Difficulty: Intermediate Time estimate: 1 week Prerequisites: Project 3 (K3s cluster), Project 5 (MetalLB). Domain name helpful but not required.

Real world outcome:

# K3s comes with Traefik ingress controller
$ kubectl get pods -n kube-system | grep traefik
traefik-xxxxx    1/1     Running

# Install cert-manager
$ kubectl apply -f https://github.com/cert-manager/cert-manager/releases/latest/download/cert-manager.yaml

# Create Ingress with TLS
$ cat <<EOF | kubectl apply -f -
apiVersion: networking.k8s.io/v1
kind: Ingress
metadata:
  name: myapp-ingress
  annotations:
    cert-manager.io/cluster-issuer: letsencrypt-prod
spec:
  tls:
  - hosts:
    - myapp.example.com
    secretName: myapp-tls
  rules:
  - host: myapp.example.com
    http:
      paths:
      - path: /
        pathType: Prefix
        backend:
          service:
            name: myapp
            port:
              number: 80
EOF

# Browser shows:
# 🔒 https://myapp.example.com - Certificate valid!

Implementation Hints:

cert-manager ClusterIssuer:

# For production (real certs from Let's Encrypt)
apiVersion: cert-manager.io/v1
kind: ClusterIssuer
metadata:
  name: letsencrypt-prod
spec:
  acme:
    server: https://acme-v02.api.letsencrypt.org/directory
    email: you@example.com
    privateKeySecretRef:
      name: letsencrypt-prod
    solvers:
    - http01:
        ingress:
          class: traefik

# For testing (self-signed, no rate limits)
apiVersion: cert-manager.io/v1
kind: ClusterIssuer
metadata:
  name: selfsigned
spec:
  selfSigned: {}

Local DNS with Pi-hole or CoreDNS:

# Add to /etc/hosts or Pi-hole Local DNS:
192.168.1.200  app1.home.lab
192.168.1.200  app2.home.lab
192.168.1.200  grafana.home.lab

Learning milestones:

  1. Ingress routes by hostname → You understand L7 routing
  2. Self-signed TLS works → You understand TLS termination
  3. Let’s Encrypt cert auto-issued → You understand ACME
  4. Multiple apps on one IP → You understand virtual hosting

Project 7: Monitoring Stack (Prometheus + Grafana)

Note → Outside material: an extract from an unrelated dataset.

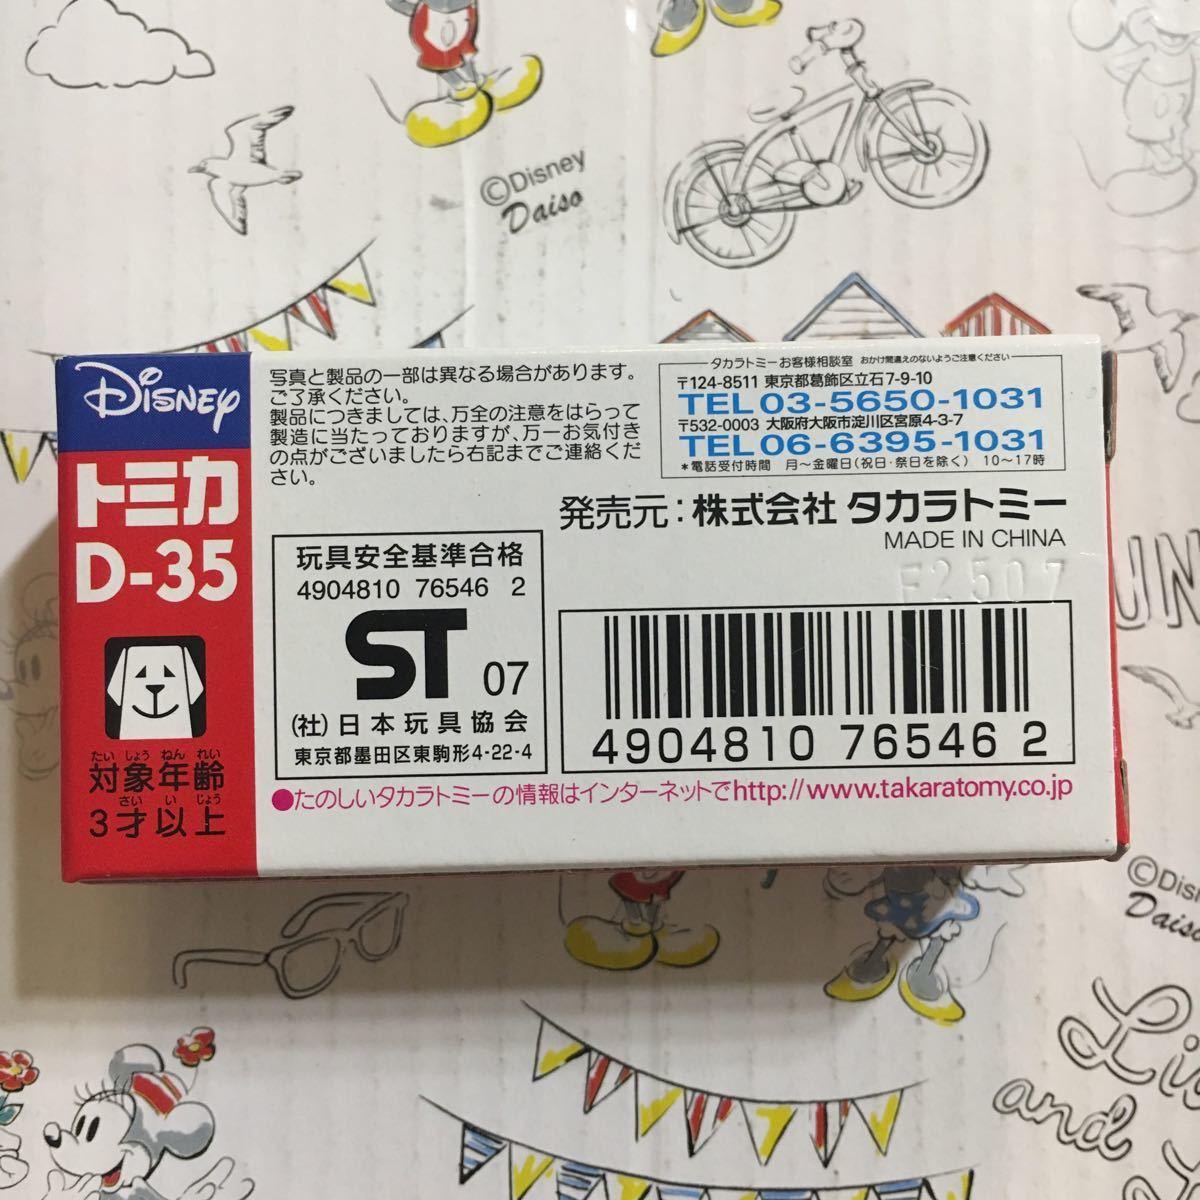 D-35 DAIHATSU ダイハツ ムーヴカスタム スティッチ Disney ディズニー トミカ コレクション Stitch LILO Move スクランプ ムーブ_画像6
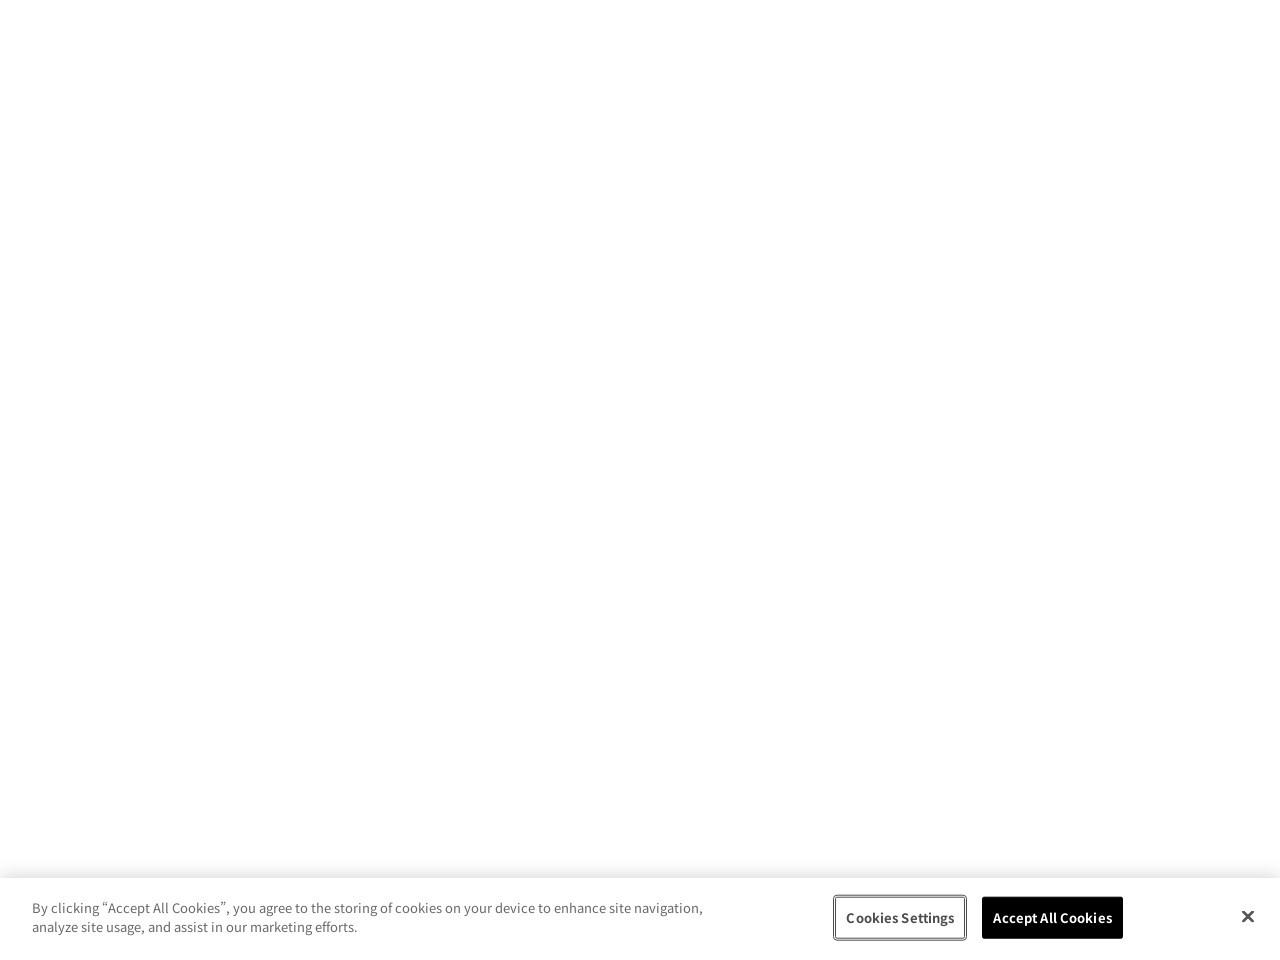 エノテカ株式会社-コーポレートサイト

  • File: LEARN_HOME_CLUSTERS_DEEP_DIVE.md
  • Main Programming Language: YAML / PromQL
  • Alternative Programming Languages: Python (exporters)
  • Coolness Level: Level 3: Genuinely Clever
  • Business Potential: 3. The “Service & Support” Model
  • Difficulty: Level 2: Intermediate
  • Knowledge Area: Observability / Monitoring
  • Software or Tool: Prometheus, Grafana, kube-prometheus-stack
  • Main Book: “Prometheus Up and Running” by Brian Brazil

What you’ll build: A complete monitoring stack that collects metrics from all cluster nodes and applications, visualizes them in beautiful dashboards, and can alert you when something goes wrong.

Why it teaches home clusters: You can’t manage what you can’t measure. Prometheus is the standard for Kubernetes monitoring. Learning PromQL (Prometheus Query Language) and Grafana dashboards are essential DevOps skills.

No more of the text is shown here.